INTRODUCTION: Psoriasis is a chronic immune-mediated inflammatory skin disease. The thyroid hormone receptors are expressed in human skin and the hormones exert their effects on epidermal proliferation and differentiation; they have been hypothesized to play a role in the pathogenesis of psoriasis. Vitamin D is involved in the maintenance of cutaneous barrier homeostasis. Several studies identified an association between polymorphisms of Vitamin D receptor and psoriasis susceptibility. SUBJECTS AND METHODS: Thirty clinically diagnosed psoriasis patients in the age group between 20 and 50 years of both genders attending the outpatient department of dermatology were included as cases. Thirty healthy subjects attending routine health checkup were included as controls. Serum 25 hydroxycholecalciferol was estimated in Mini Vidas autoanalyzer by immunofluorescence technique and Thyroid stimulating hormone (TSH), free T3, and free T4 were estimated by chemiluminescence technology in Cobas e411. Dermatology quality of life index (DLQI) and psoriasis area severity index (PASI) questionnaire was used to assess the quality of life and severity of psoriasis respectively.
RESULTS: TSH level was significantly increased in psoriasis cases when compared to healthy controls but within reference range (P < 0.05). There is a significant negative correlation between PASI and 25-hydroxycholecalciferol and significant negative correlation between PASI and DLQI.
CONCLUSION: Our study emphasizes the relationship between biochemical markers, severity of psoriasis, and quality of life. A multimodal holistic approach is needed for the treatment of psoriasis. Psychological support for stress management, drug therapy, and biochemical markers assessment for severity of psoriasis are the need of the hour. Copyright:

Introduction

Psoriasis is a chronic immune-mediated inflammatory skin disease, with a prevalence of about 2%–3% in the general population.[1] The primary manifestation of psoriasis is on the skin, although inflammatory processes can occur also in other organs such as cardiovascular system, joints, and eyes.[2] Psoriasis is a prototypical T-cell-mediated inflammatory disease characterized by activation of antigen presenting cells and activation and expansion of Th-1 and Th-17 cells.[3] A moderate to large negative impact of the disease on the quality of life with an alteration of everyday activities was reported by a National Psoriasis Foundation Survey in about 75% of patients with psoriasis.[4]

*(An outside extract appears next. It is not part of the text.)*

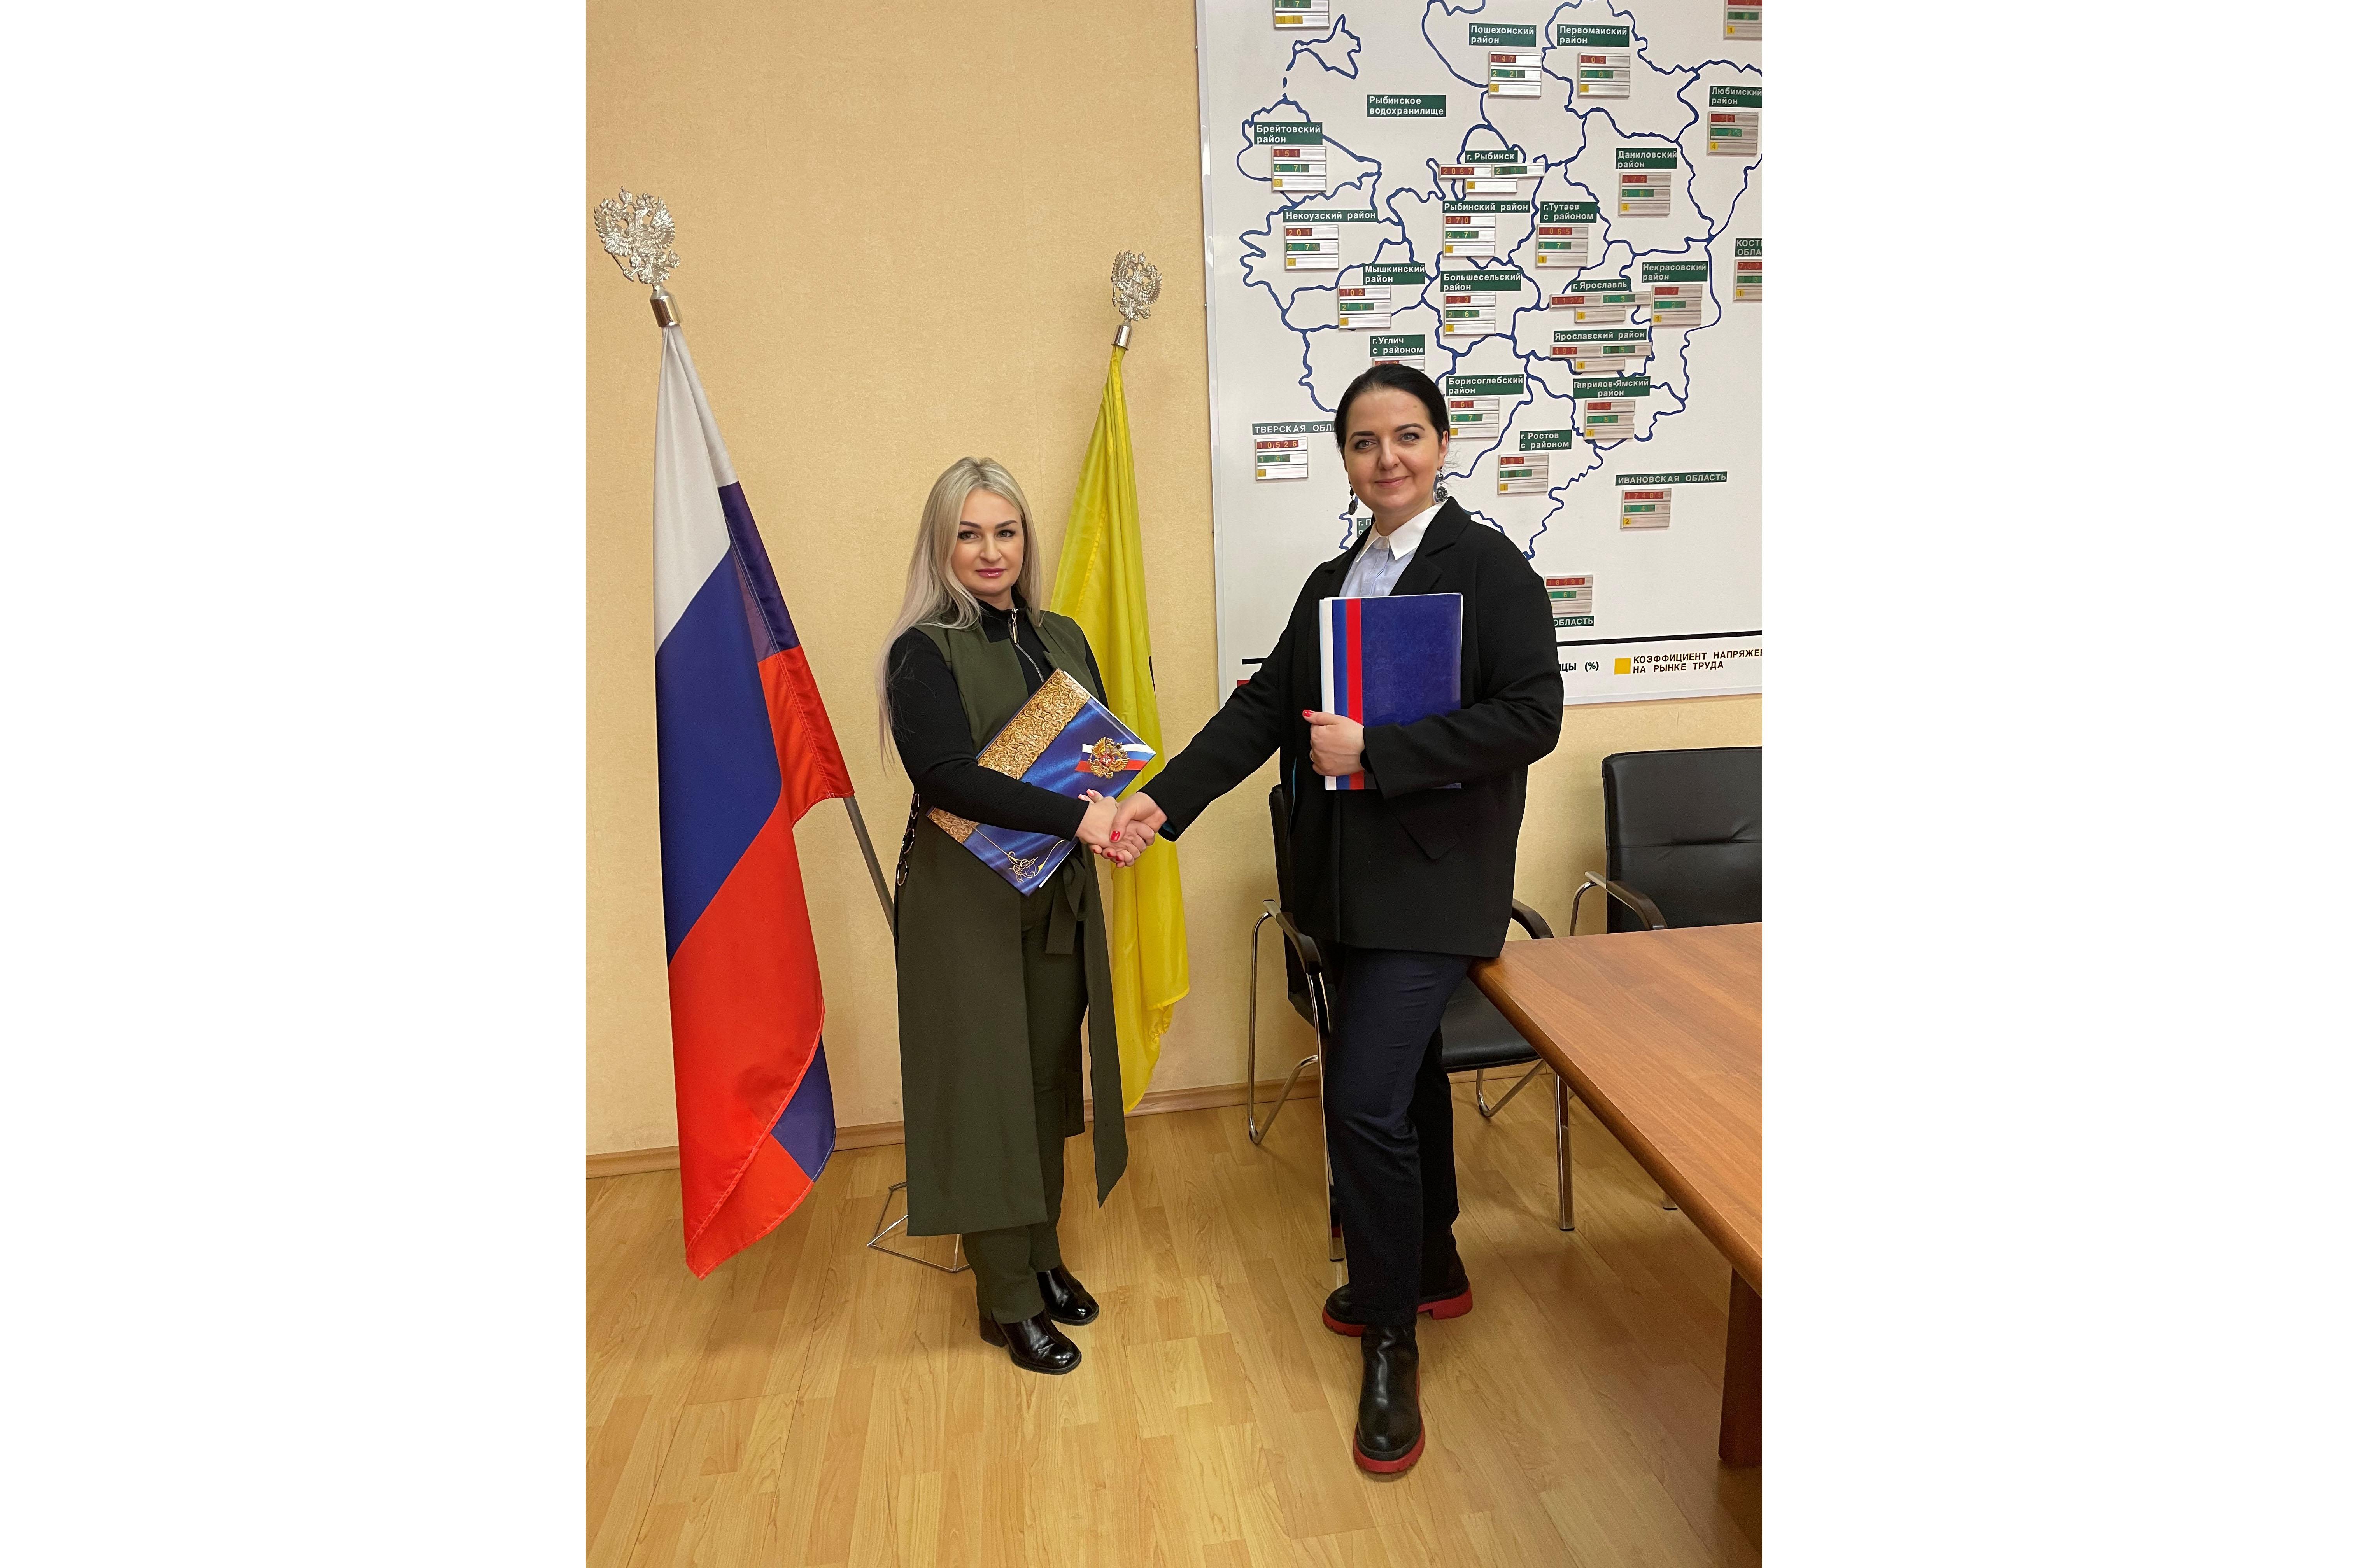 Департамент государственной службы занятости населения Ярославской области будет сотрудничать с hh.ru

Skin is the site of synthesis and metabolism of several neuropeptides including components of the hypothalamic–pituitary–adrenal (HPA) and hypothalamic–pituitary–thyroid axis and also a source of Vitamin D.[5] Any derangement of these axes may lead to or may be an indicator of various skin diseases. Since thyroid hormone receptors are expressed in human skin, and the hormones exert their effects on epidermal proliferation and differentiation, they have been hypothesized to play a role in the pathogenesis of psoriasis.[6] Genetic, environmental, immune defect and hormonal factors take part in the pathogenesis of autoimmune diseases. The role of various hormones such as thyroid-stimulating hormone, cortisol, prolactin, and thyroid hormones in the pathogenesis of psoriasis has been studied previously.[7] The severity of the disease has been correlated with levels of thyroid hormones, since like prolactin, the thyroid hormone receptors are expressed in the skin[8] and their levels change during the active phase of disease and alleviation of the disease by antithyroid therapy.

Vitamin D is involved in the maintenance of cutaneous barrier homeostasis. Several studies identified an association between polymorphisms of Vitamin D receptor (VDR) and psoriasis susceptibility.[9] Richetta et al. have found that the A-1012G promoter polymorphism of the VDR gene is associated with psoriasis risk through a lower expression of VDR mRNA, favoring conditions that may alter cutaneous barrier and the development of psoriatic lesions.[10] In addition, in psoriatic skin, a decreased expression of VDR and reduced tight-junction proteins is associated. Tight junctions are fundamental to regulate adhesion and permeability of keratinocytes, and to polarize cutaneous cell differentiation, to regulate extracellular calcium gradient, interacting with nuclear and cytoplasmic proteins and influencing the regulation of specific genes involved in keratinocytes differentiation and proliferation. The 1,25(OH) D has been shown to exert antiproliferative effects on keratinocytes.[11] Calcitriol (Vitamin D) has been proposed to work in psoriasis by inhibiting keratinocyte proliferation, repressing growth signals, and T-cell signaling. Calcitriol binds to VDR with high specificity which accounts for its biological activity in VDR expressing tissues such as skin, muscle, pancreas, pituitary gland, brain, kidneys, reproductive organs, and immune cells. Previous studies have shown that calcitriol arrests cytokine-induced maturation of dermal dendritic cells (DCs) and primes DC to induce regulatory T cells. It has been implicated to inhibit the production of proinflammatory cytokines and stimulate expression of the anti-inflammatory cytokines.[12]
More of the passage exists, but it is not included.